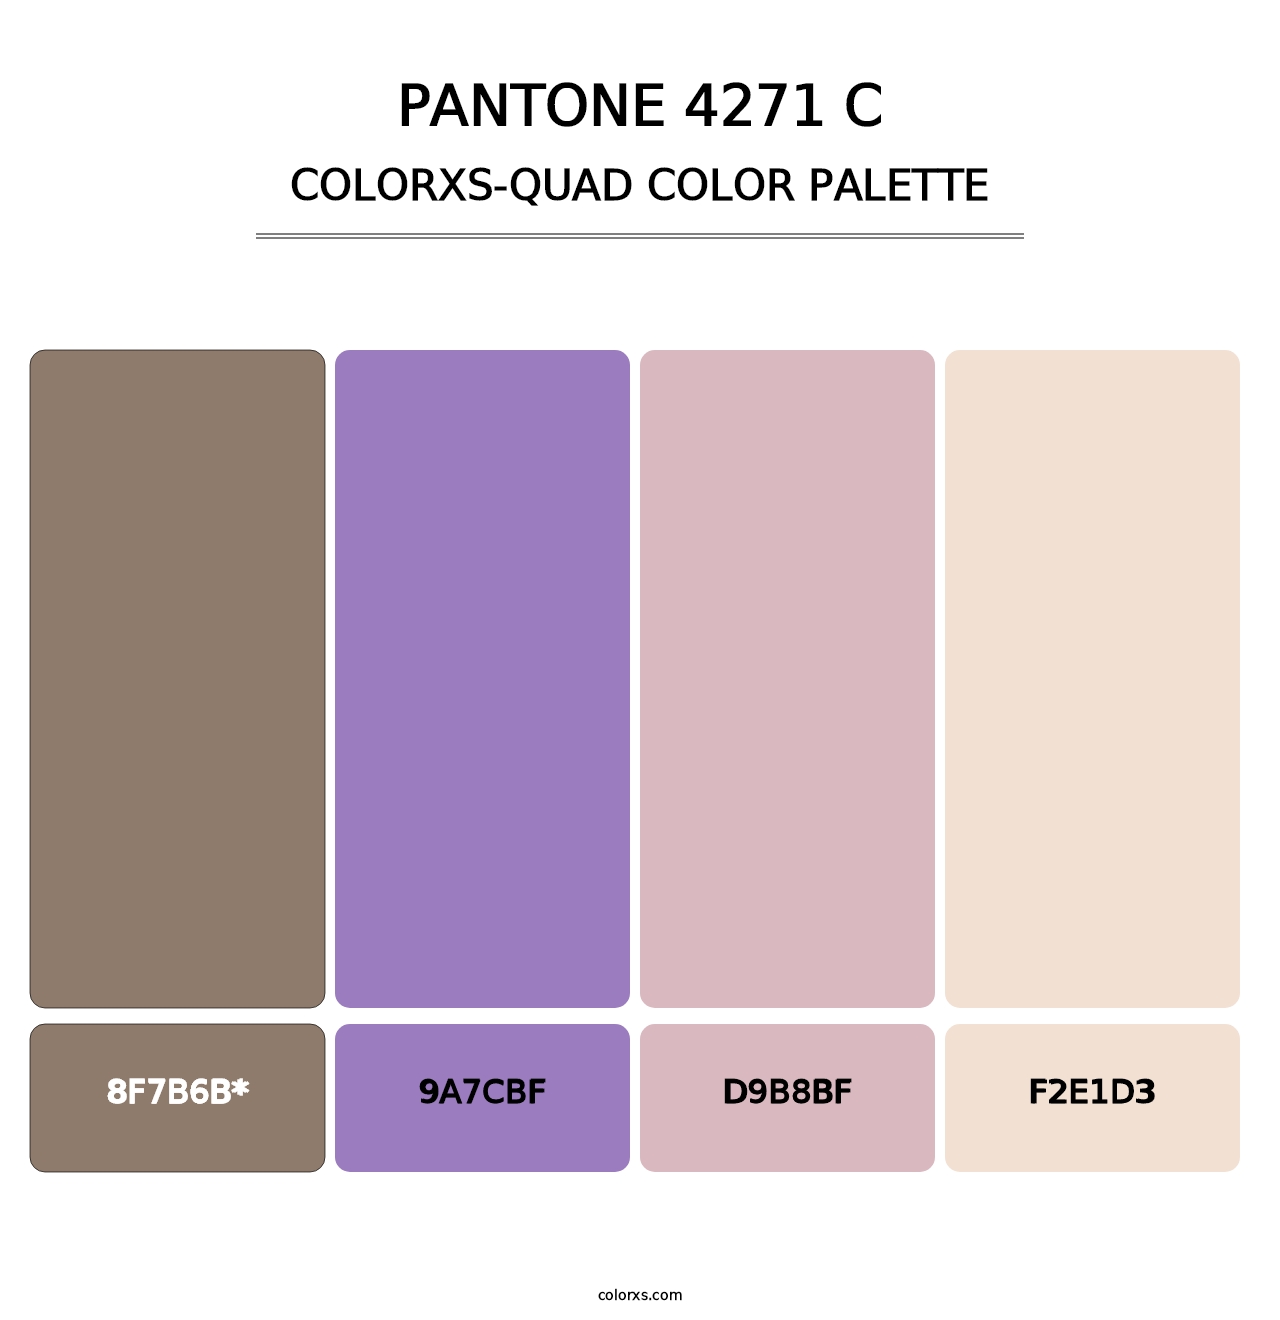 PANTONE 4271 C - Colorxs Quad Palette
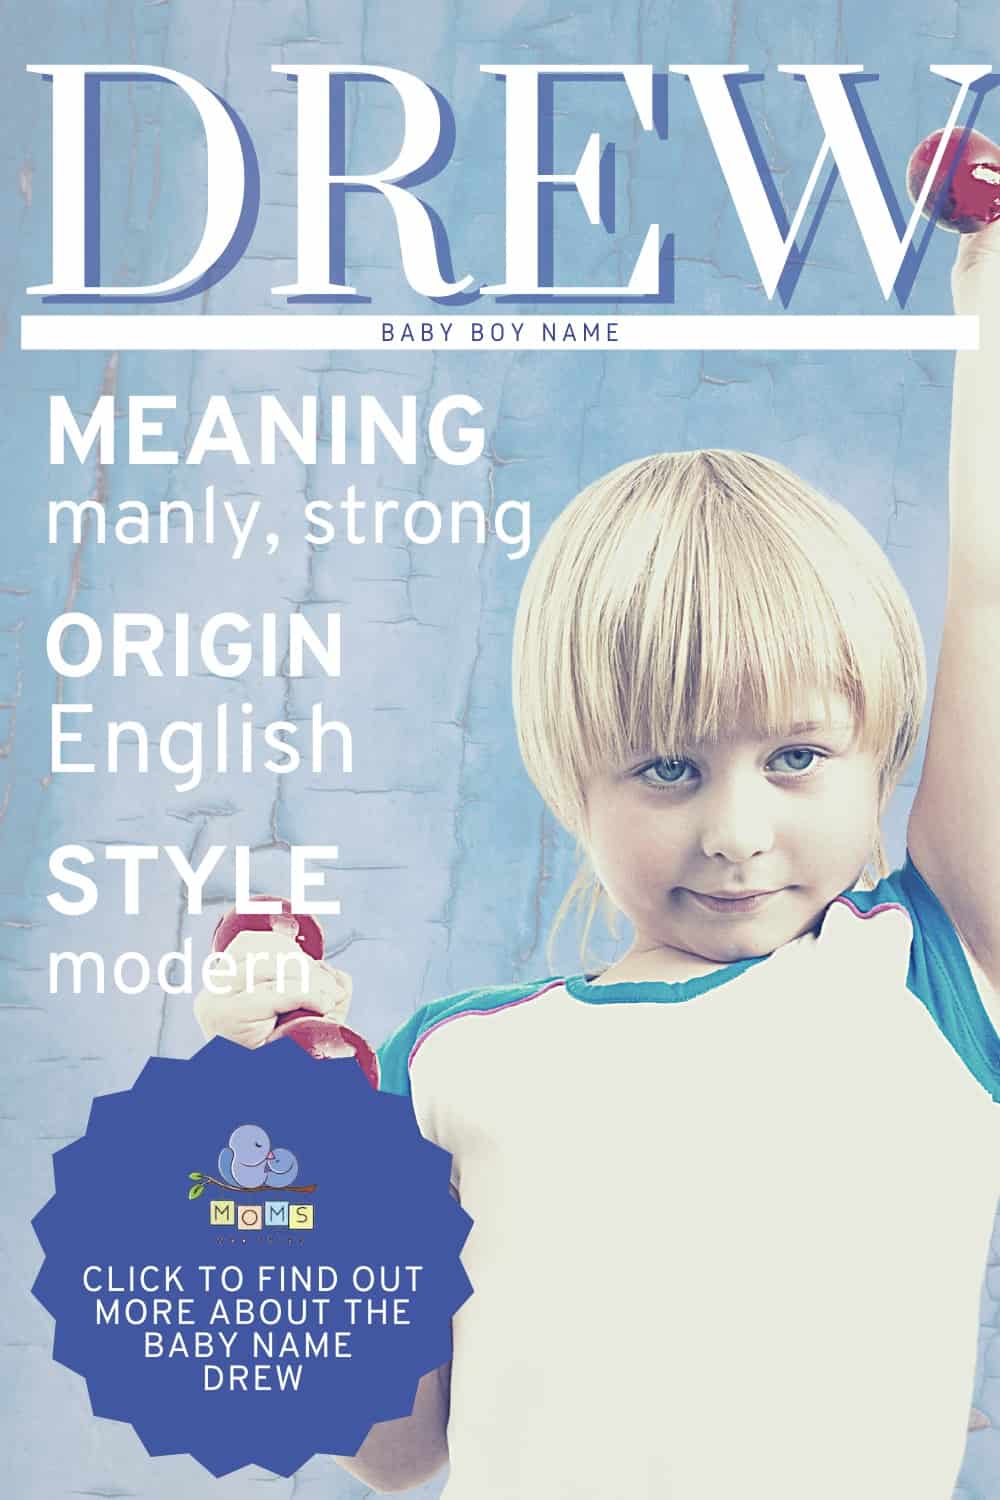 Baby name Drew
* * *
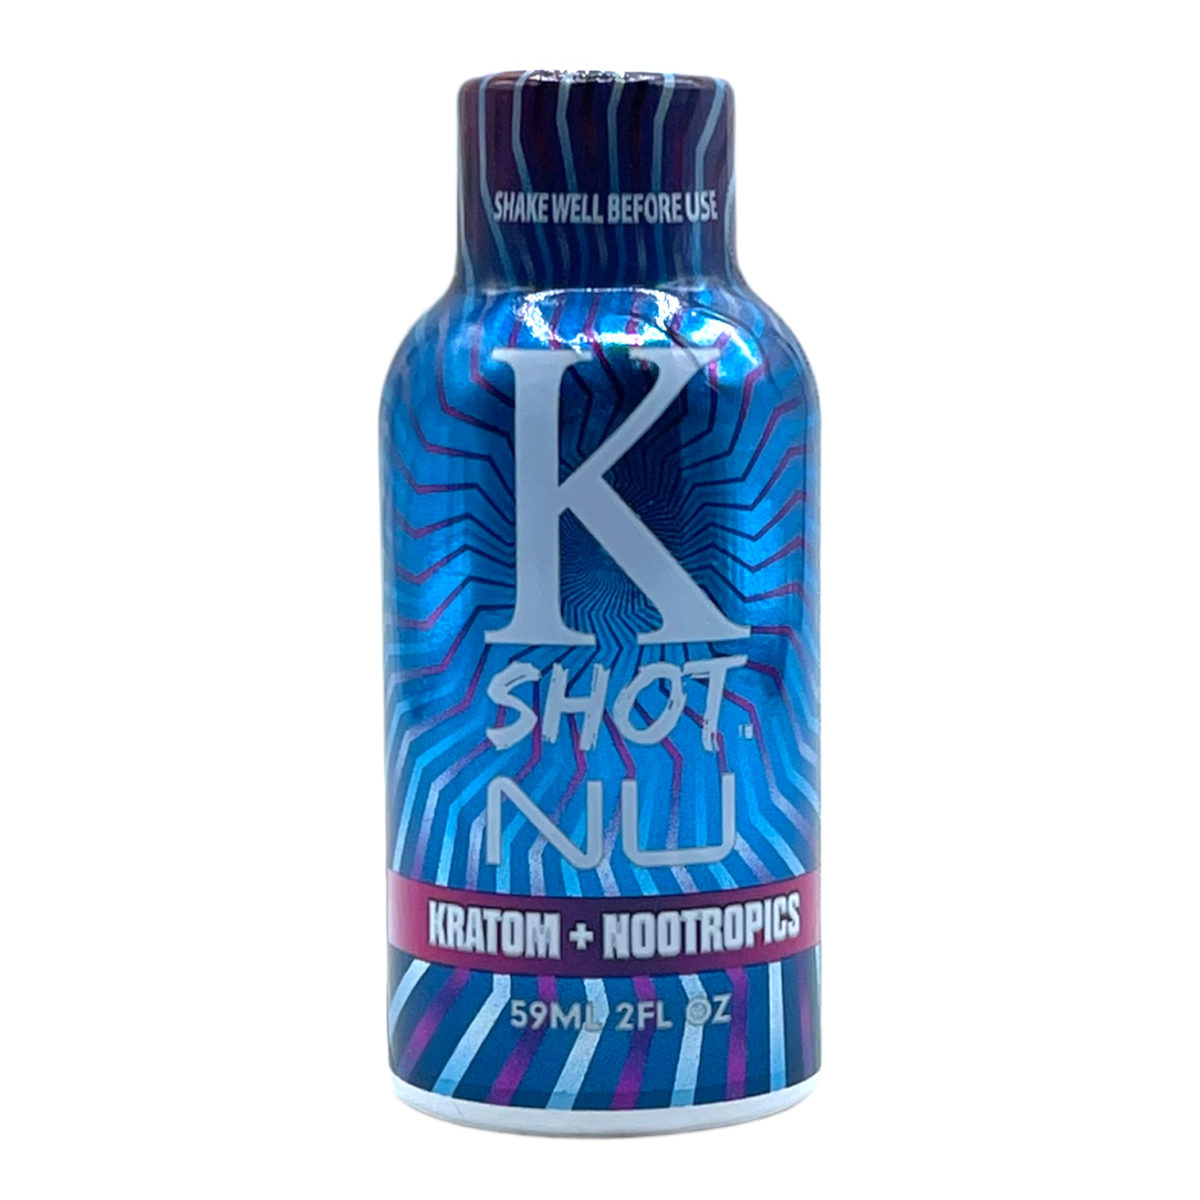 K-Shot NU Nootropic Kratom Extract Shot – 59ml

§ **WHAT TO PRODUCE**: Every line above in the stretch from the one with "PANTONE 4271 C - Colorxs Quad Palette" through the one with "Baby name Drew" is to be transcribed exactly, ends included. No picture is copied.

§ **ANSWER AREA**:
 PANTONE 4271 C - Colorxs Quad Palette
 Baby name Drew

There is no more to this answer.